Ainda que a vacina tenha sido recebida por muitas pessoas com entusiasmo, a presidenta do CES-MG destacou que é necessário apontar alguns cuidados. Tratar o uso de qualquer droga como uma epidemia pode conduzir à uma prática de ações repressivas que, além de precipitar intervenções sanitárias de caráter higienista, trarão pouco ou nenhum alívio à dor das pessoas usuárias.

 “Vacina é para epidemias, mas no caso de ‘controle comportamental’ de uma pessoa ou determinado grupo social, o tratamento será feito de quanto em quanto tempo? Com o efeito bloqueador da vacina, o tratamento seria a abstinência? ” perguntou Lourdes, que acrescenta que existem algumas implicações sobre o que aconteceria em caso de recaída; se seria necessário pensar em vacinas para todos os estimulantes e não só a cocaína e o crack? Quais os riscos da vacina se tornar uma arma legal ou outra forma de violência contra a liberdade das pessoas?

A presidenta destacou que não existem vacinas para combater vulnerabilidades a não ser por meio de políticas públicas bem construídas e eficazes.

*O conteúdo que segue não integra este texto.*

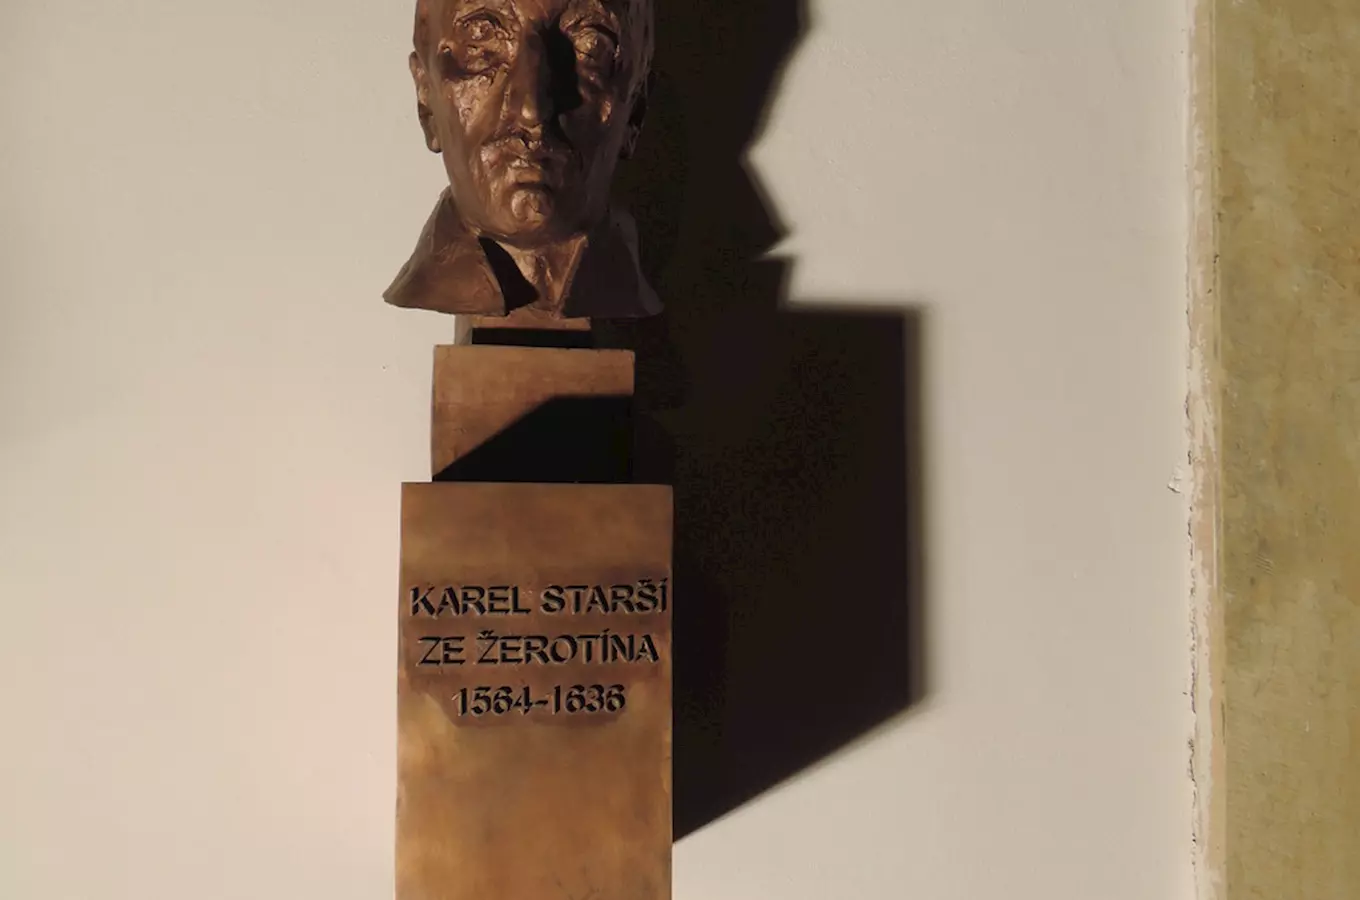 Busta Karla staršího ze Žerotína v Bludově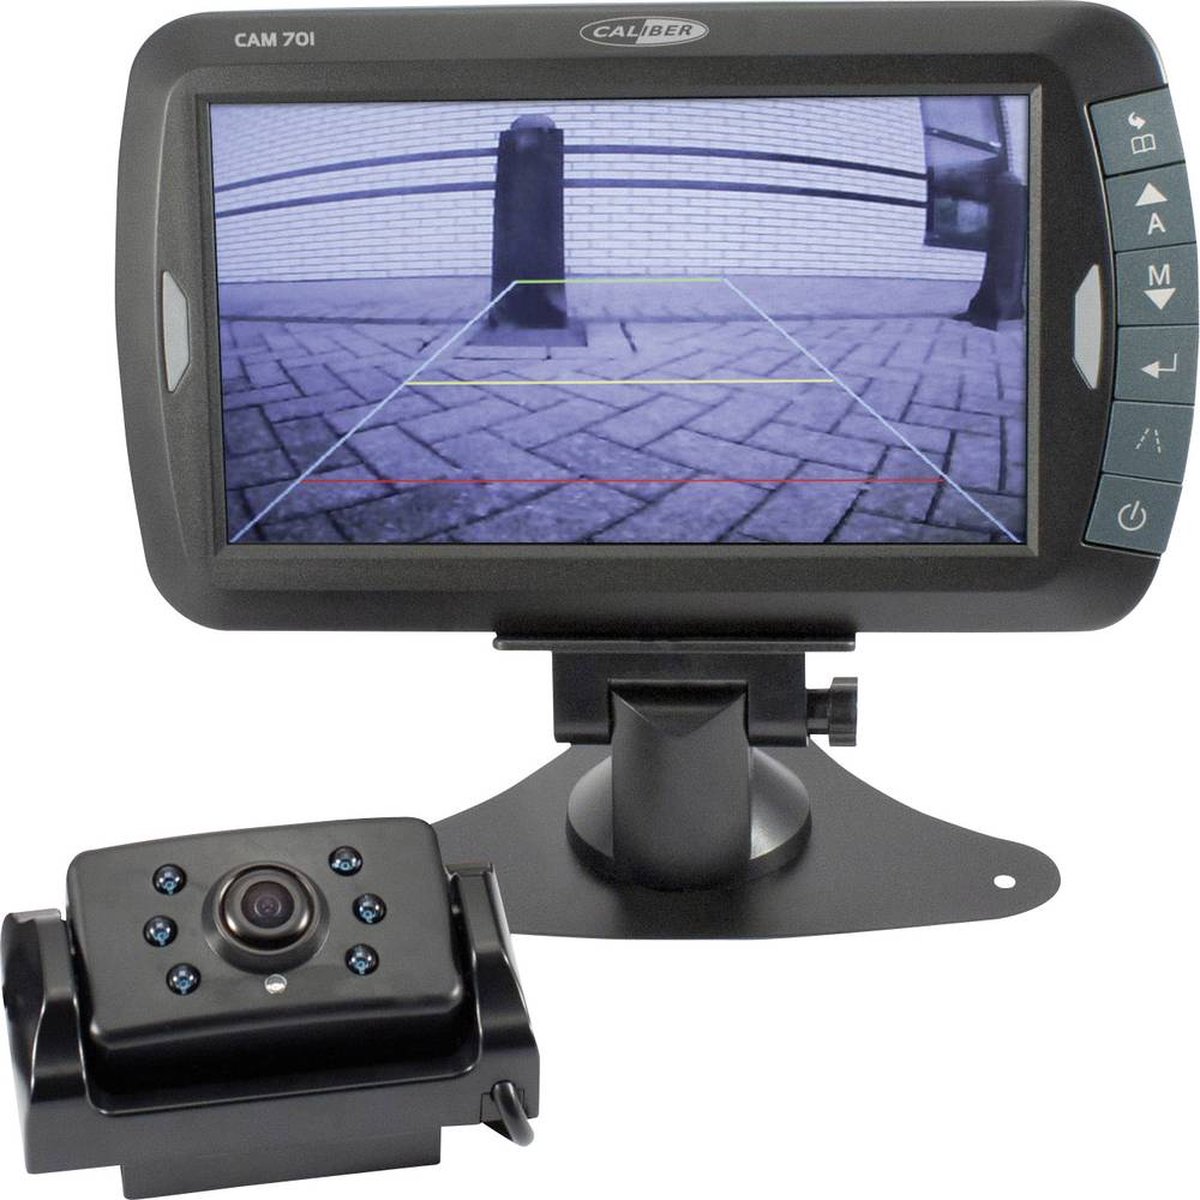 Caméra de Recul Voiture Rétroviseur pour Camping Car avec écran LCD Couleur  7 - Camera de Recul

Sugeriu levar a discussão para a democracia participativa, por meio do CES-MG e propôs uma audiência chamando associações de pessoas usuárias e movimentos sociais para um debate amplo.

Também participaram da audiência Fernando dos Reis, pró-reitor de Pesquisa da UFMG; Cláudia Leite, subsecretária de Políticas sobre Drogas da Secretaria de Estado de Justiça e Segurança Pública (Sejusp); Luiz Cláudio Barbosa, chefe do Departamento de Química da UFMG; a deputada Chiara Biodini e a deputada Marli Ribeiro.